It was Tuesday! Instead of catching up on life at City Market or a place with outside seating, it was someone’s great idea to meet at the park.

Our time together was spectacular, I can hardly keep up with my pen. Where do I begin?

Instead of finding a bench, Liz wanted to walk so I said I’d hide my heavy water bottle in the bushes. Ann said there was a place for it on Liz’s wheelchair. Just as we hold a place for each other on Tuesdays. Just as the park is a perfect place for a walk. Accessible, mostly.

And just as we all have our inner engines that get us going each day, Liz has two. One for her heart and one for the road!

Just last week, she was on the road to a conference where, for me, she demonstrated the passion and commitment of what it means to live on point. With purpose. And to many others she demonstrated that as well.
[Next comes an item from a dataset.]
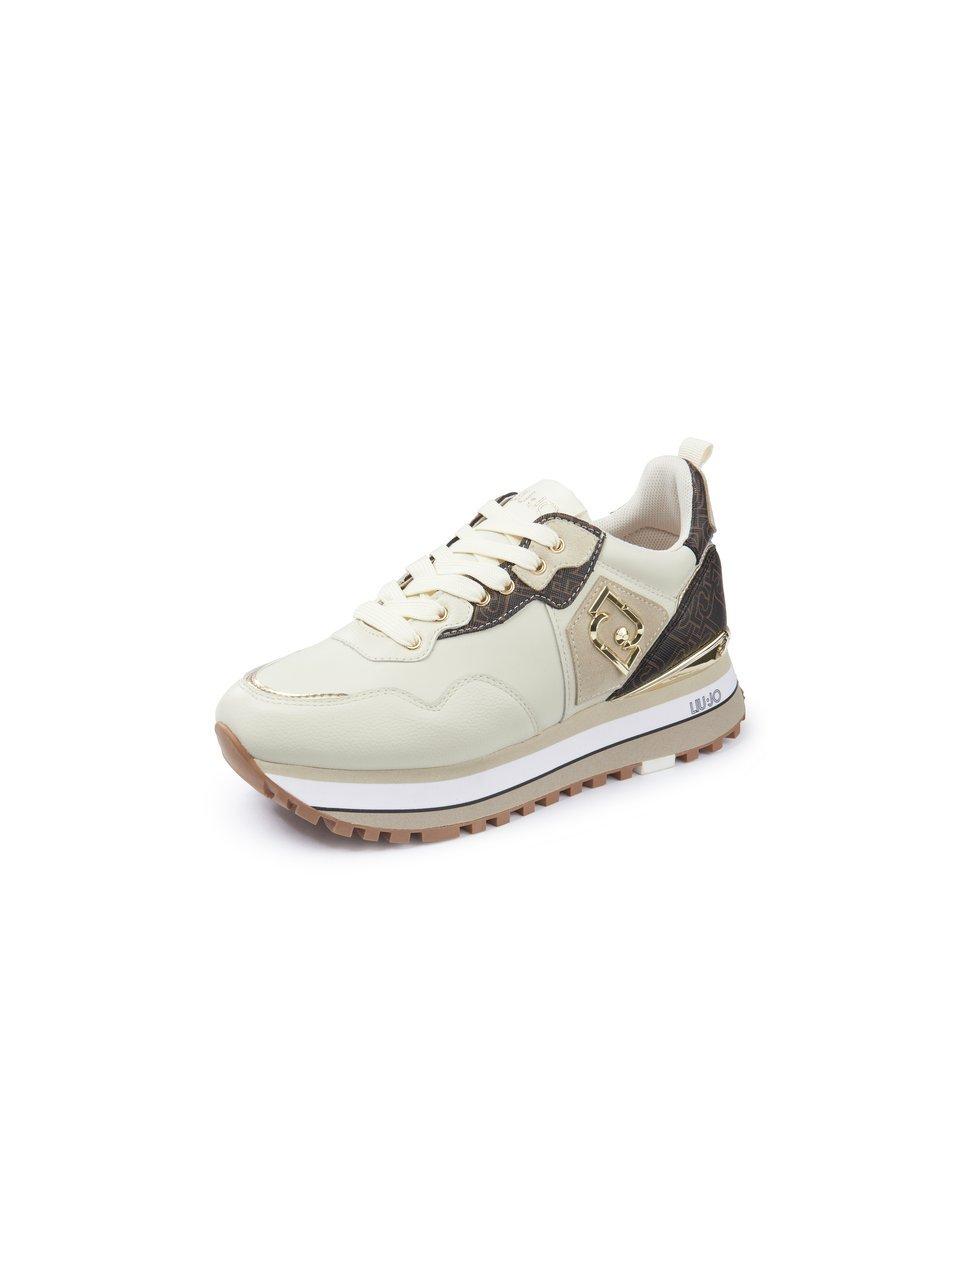 Liu Jo Maxi Wonder 01 Leren Platform Sneakers Dames - Bruin - Maat 40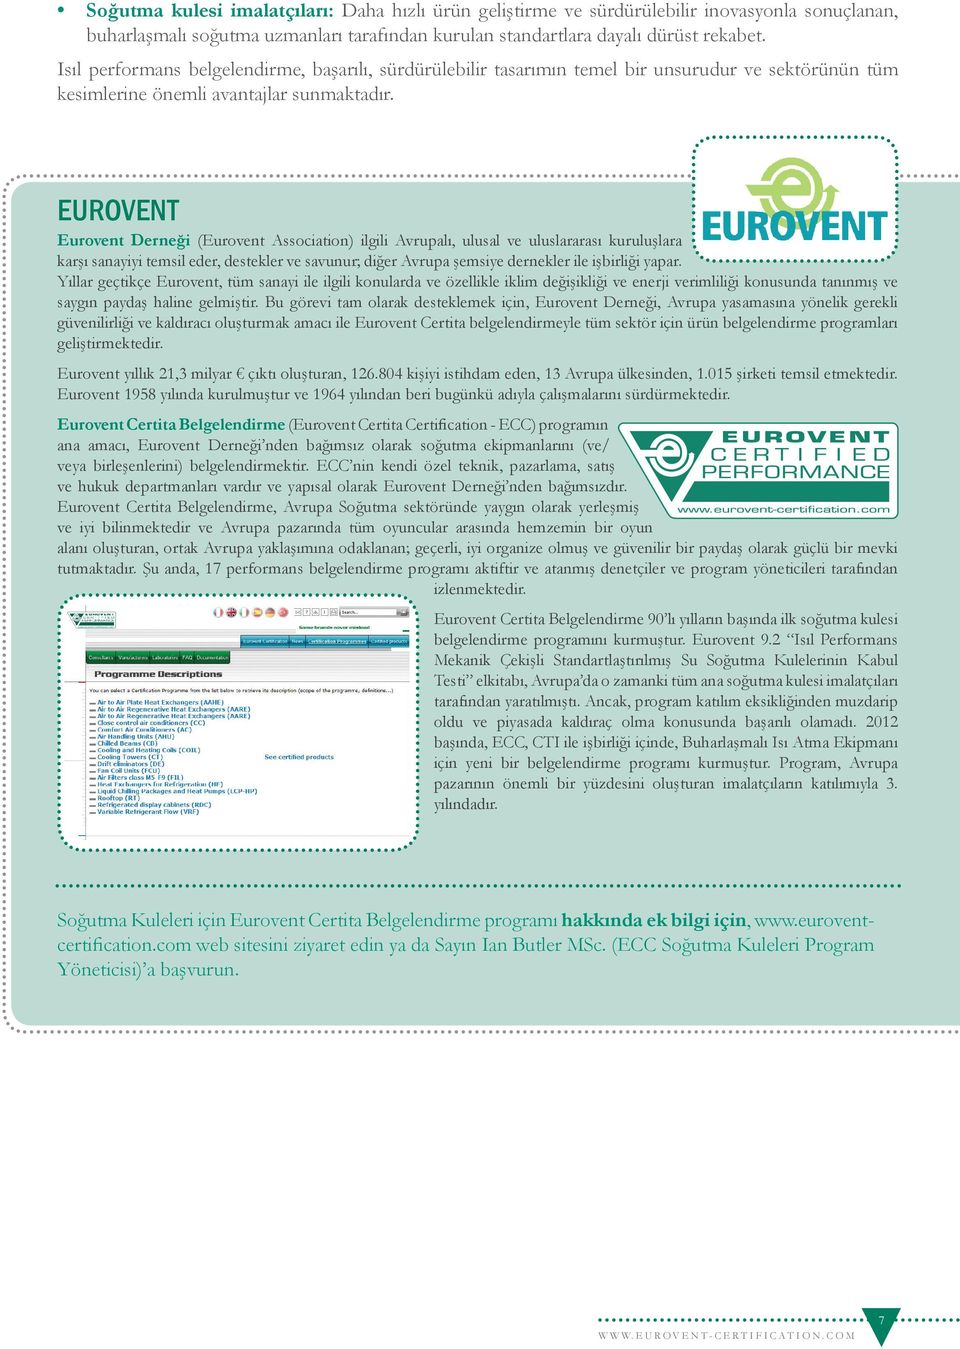 EUROVENT Eurovent Derneği (Eurovent Association) ilgili Avrupalı, ulusal ve uluslararası kuruluşlara karşı sanayiyi temsil eder, destekler ve savunur; diğer Avrupa şemsiye dernekler ile işbirliği

Her presentation was so powerful she was invited back to the next conference, and her current presentation is being shared with educators around the state who want to grow in building awareness, understanding and advocacy for students with special needs.

To Liz, most important, is sharing the great need to learn to be an advocate for oneself. Oh, she inspires me! Liz is extraordinarily special in meeting the needs of others.

And on this particular Tuesday, as we walked and talked, Liz also reminded me of the secret to being a good teacher: we often learn more from our students than they do from us.

Each student is like a tree filled with sap waiting to be tapped. Our job as teacher is to “tap”!

As we talked, I remembered how at one point in my life, before life happened hard and fast, I had discovered the joy, healing and strength dance provided and couldn’t wait to share it. With (naive) confidence, I began teaching children and adults.

You only have to be one chapter ahead of your students,” my friend, Katherine, said recently when I was feeling doubt over my ability to help someone in crisis during my recent trauma healing training.

I decided to speak up and admit to Liz and Ann that a few people had asked me if I’d be interested in teaching a writing workshop at church.

“Oh! I would take it!” Liz said all excited. “What would you teach?” I loved the order of those two sentences.

“Well, something that motivates me is the importance of sharing stories about people in our lives who paved the way for us, including God, and who transform our lives.”

When she didn’t respond right away, I added, “A friend of mine wrote a book on leading a writing group. I’ll read it and get some more ideas!”

Suddenly, I was excited about sharing things I’ve learned since I began seriously writing ten years ago. It’s been an amazing and completely unexpected journey. God is always doing amazing things and making old things new. Don’t you see it? Now it springs up!

We went back up the same way we came down Lincoln Memorial Drive because Liz’s chair was one inch too wide to make it through the cement barricades that have made “Snake Hill” a walkway instead of a thoroughfare for cars.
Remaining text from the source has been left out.